SERTM2: a neuroactive player in the world of micropeptides.

作者信息

Lisi Michela, Santini Tiziana, D'Andrea Tiziano, Salvatori Beatrice, Setti Adriano, Paiardini Alessandro, Nutarelli Sofia, Nicoletti Carmine, Pellegrini Flaminia, Fucile Sergio, Bozzoni Irene, Martone Julie

机构信息

Department of Biology and Biotechnologies "Charles Darwin", Sapienza University of Rome, Rome, Italy.

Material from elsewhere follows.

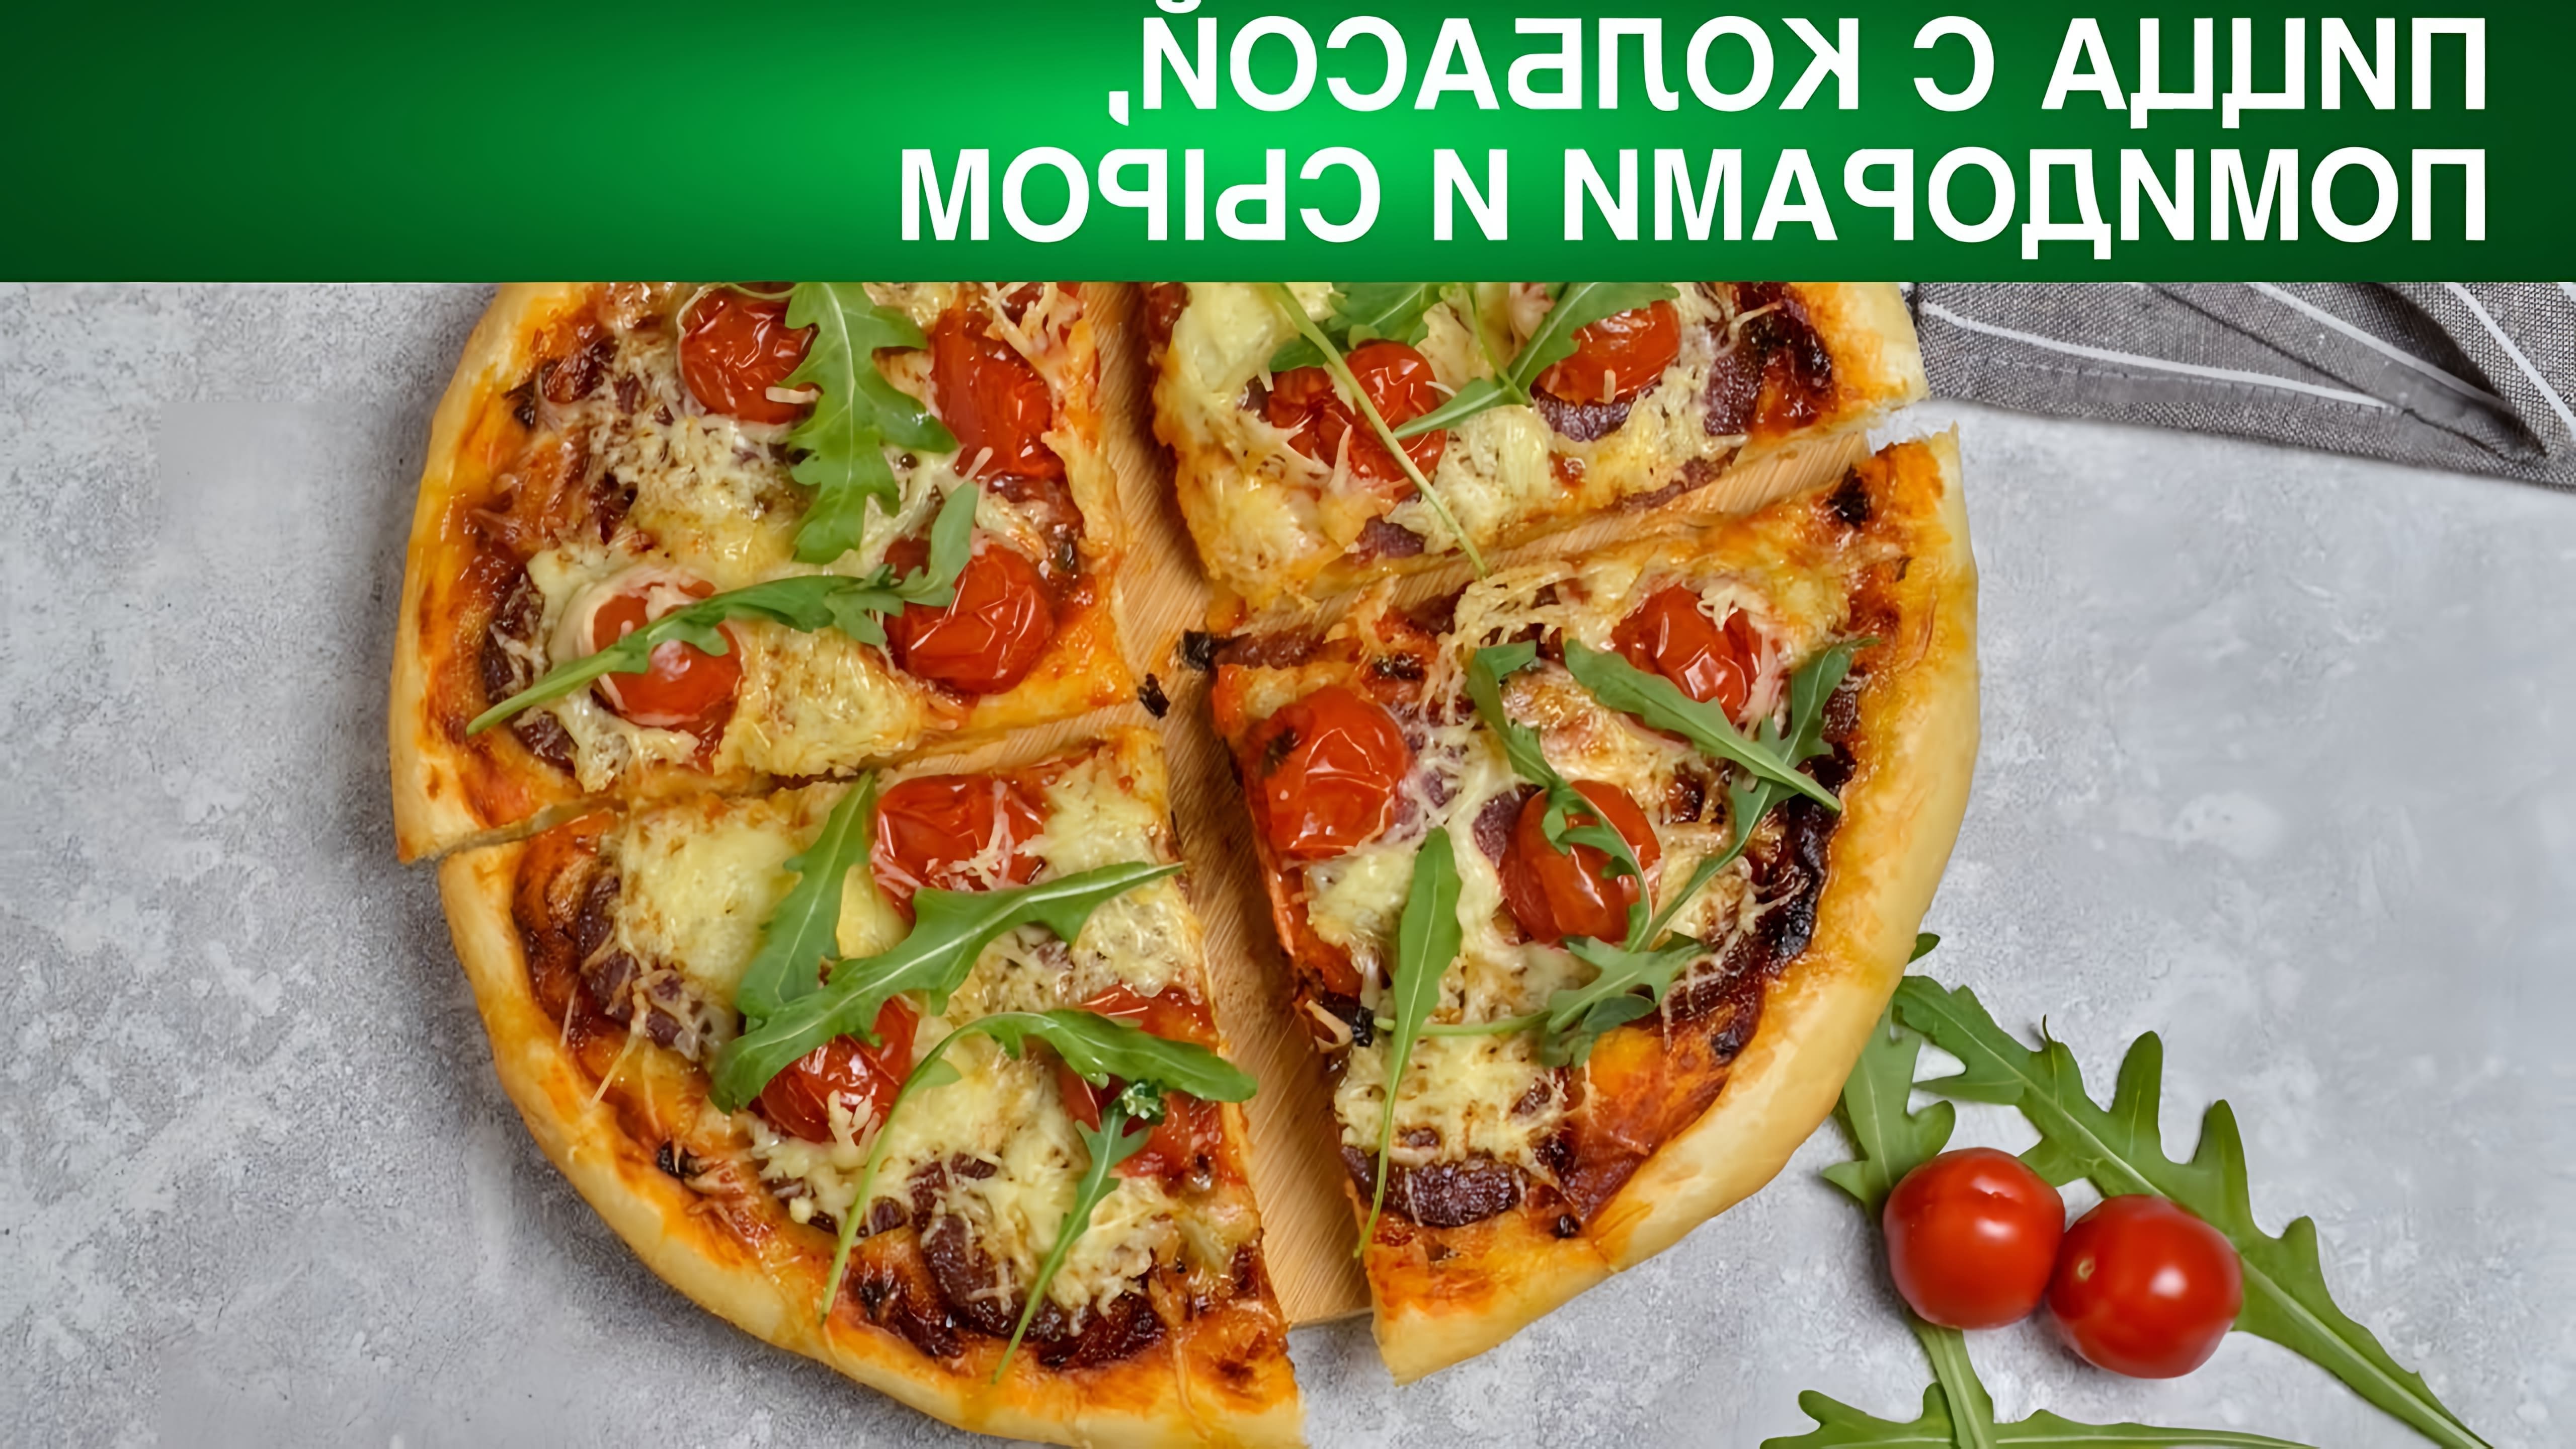 Пицца #ПростойРецепт #1000menu #ПиццаКолбасой #ПиццаСыром #Пицца #ПиццаПомидорами ДОМАШНЯЯ ПИЦЦА С...

Center for Life Nano-& Neuro-Science, Fondazione Istituto Italiano di Tecnologia, Rome, Italy.

出版信息

EMBO Rep. 2025 Apr;26(8):2044-2076. doi: 10.1038/s44319-025-00404-w. Epub 2025 Mar 19.

Abstract

In this study, we analyze the long noncoding RNA, lncMN3, that is predominantly expressed in motor neurons and shows potential coding capabilities. Utilizing custom antibodies, we demonstrate the production of a lncMN3-derived type I transmembrane micropeptide, SERTM2. Patch-clamp experiments performed on both wild-type and SERTM2 knockout motor neurons, differentiated in vitro from mouse embryonic stem cells, show a difference in the resting membrane potential and overall decreased excitability upon SERTM2 depletion. In vivo studies indicate that the absence of the peptide impairs treadmill test performance. At the mechanistic level, we identify a two-pore domain potassium channel, TASK1, known to be a major determinant of the resting membrane potential in motor neurons, as a SERTM2 interactor. Our study characterizes one of the first lncRNA-derived micropeptides involved in neuronal physiology.

摘要

在本研究中,我们分析了主要在运动神经元中表达并具有潜在编码能力的长链非编码RNA——lncMN3。利用定制抗体,我们证明了一种源自lncMN3的I型跨膜微肽SERTM2的产生。对从小鼠胚胎干细胞体外分化而来的野生型和SERTM2基因敲除运动神经元进行的膜片钳实验表明,SERTM2缺失后静息膜电位存在差异,且整体兴奋性降低。体内研究表明,该肽的缺失会损害跑步机测试表现。在机制层面,我们确定了一种双孔结构域钾通道TASK1(已知是运动神经元静息膜电位的主要决定因素)为SERTM2的相互作用分子。我们的研究表征了首批参与神经元生理学的源自长链非编码RNA的微肽之一。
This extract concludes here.